# Cubase 9.5 - Brand Tracks, Midi Dump and The Cubasement



## jononotbono (Sep 26, 2018)

Howdy, I just made a new video showing 3 different workflow ideas that I've created in Cubase 9.5 to basically make life a little easier. 

They are named BRAND TRACKS, MIDI DUMP and THE CUBASEMENT

BRAND TRACKS - 

A system to show tracks with data "on the fly" when going between different areas of a template. 

MIDI DUMP - 

A system to store all midi/instrument tracks with data in a project so that they are hidden (inside the Midi Dump), even when "Show Tracks with Data" is pressed yet instantly recallable.

THE CUBASEMENT - 

Ever get tired of going to that pesky VST Instruments Folder to find your VST Audio Outputs (for Rack Instruments with Midi Tracks)? Well, The Cubasement is exactly where I store mine along with the MIDI DUMP. Instantly visible by the touch of a button.

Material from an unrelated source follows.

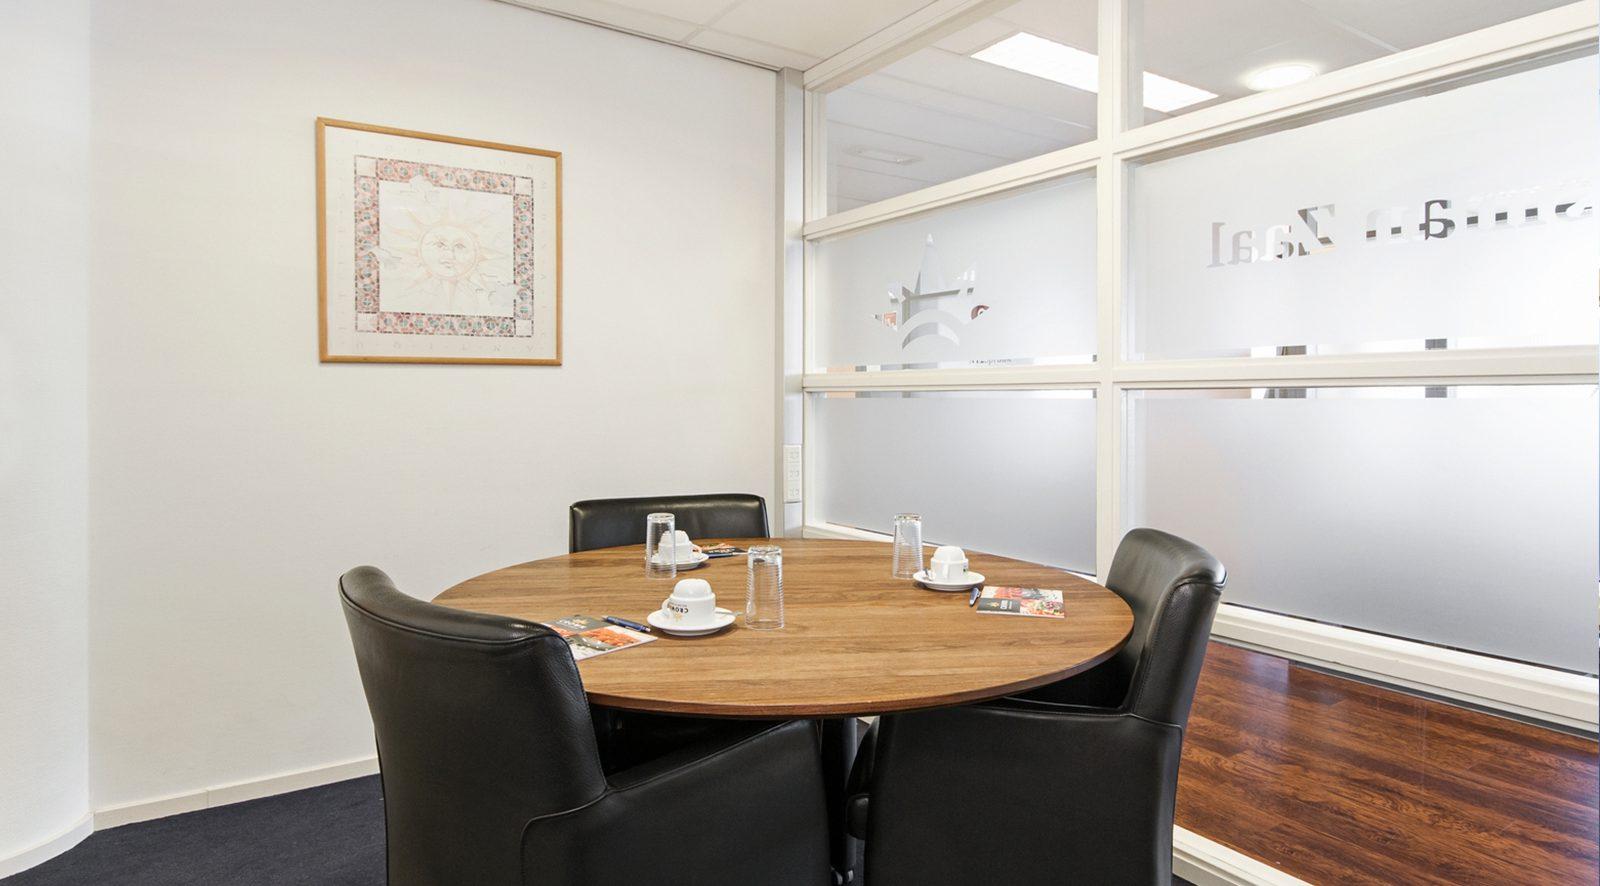 Verrgaderen in Leiden Key-Point | Crown Business Center Leiden Key-Point

Anyway, I thought I'd share it as I know there are a few Cubase perverts laying about here. Hope it helps

Jono


----------



## Pablocrespo (Sep 26, 2018)

track branding is very clever!!!


----------



## jononotbono (Sep 26, 2018)

Pablocrespo said:


> track branding is very clever!!!



I love it for always being able to see what’s going on in a template!


----------



## Smikes77 (Sep 26, 2018)

Certainly not a "dog brown" way to go about things.


----------



## jononotbono (Sep 26, 2018)

Smikes77 said:


> Certainly not a "dog brown" way to go about things.



Haha! “Dogs Brown”. It’s a far more respectful way of describing something being Dog Shit.


----------



## Smikes77 (Sep 26, 2018)

Ha! I got it! I just never heard that before, but thanks for making me have to clean my desk. I spat out my coffee! It was the casual delivery that did it.

Great video. I`m gonna look into this brown.


----------



## jononotbono (Sep 26, 2018)

Smikes77 said:


> I just never heard that before



It's a saying my uncle says. I genuinely think he created it because I've never heard it elsewhere and nothing on google. So I think it's fair game I have stolen it from him. haha Anyway...


----------



## Smikes77 (Sep 26, 2018)

...and always credit a comedian...

This is seriously great, I get fed up with having to fly around the template and was recently wondering if there was a way this could be fixed. And you now have a patent pending for the term "Brand" too.


----------



## Bill the Lesser (Sep 26, 2018)

jononotbono said:


> ...Cubase perverts laying about here...


I resemble that remark!


----------



## tabulius (Sep 26, 2018)

BIG THUMBS UP! Thanks!


----------



## jononotbono (Sep 27, 2018)

tabulius said:


> BIG THUMBS UP! Thanks!



No worries man!


----------



## Vonk (Dec 17, 2018)

Just found this.....You would be my hero - but what's with the flashing Christmas lights in September?
But Branding® looks a really useful concept. Have to find space for some more buttons on metagrid....


----------



## jononotbono (Dec 17, 2018)

I’ve actually simplified a lot of this and will make a video after Christmas showing it and how to do all of it. “Life” getting in the way at the minute!


----------



## Vonk (Dec 17, 2018)

jononotbono said:


> I’ve actually simplified a lot of this and will make a video after Christmas showing it and how to do all of it. “Life” getting in the way at the minute!


Will wait and watch with interest. Thank you for your commitment to sharing.


----------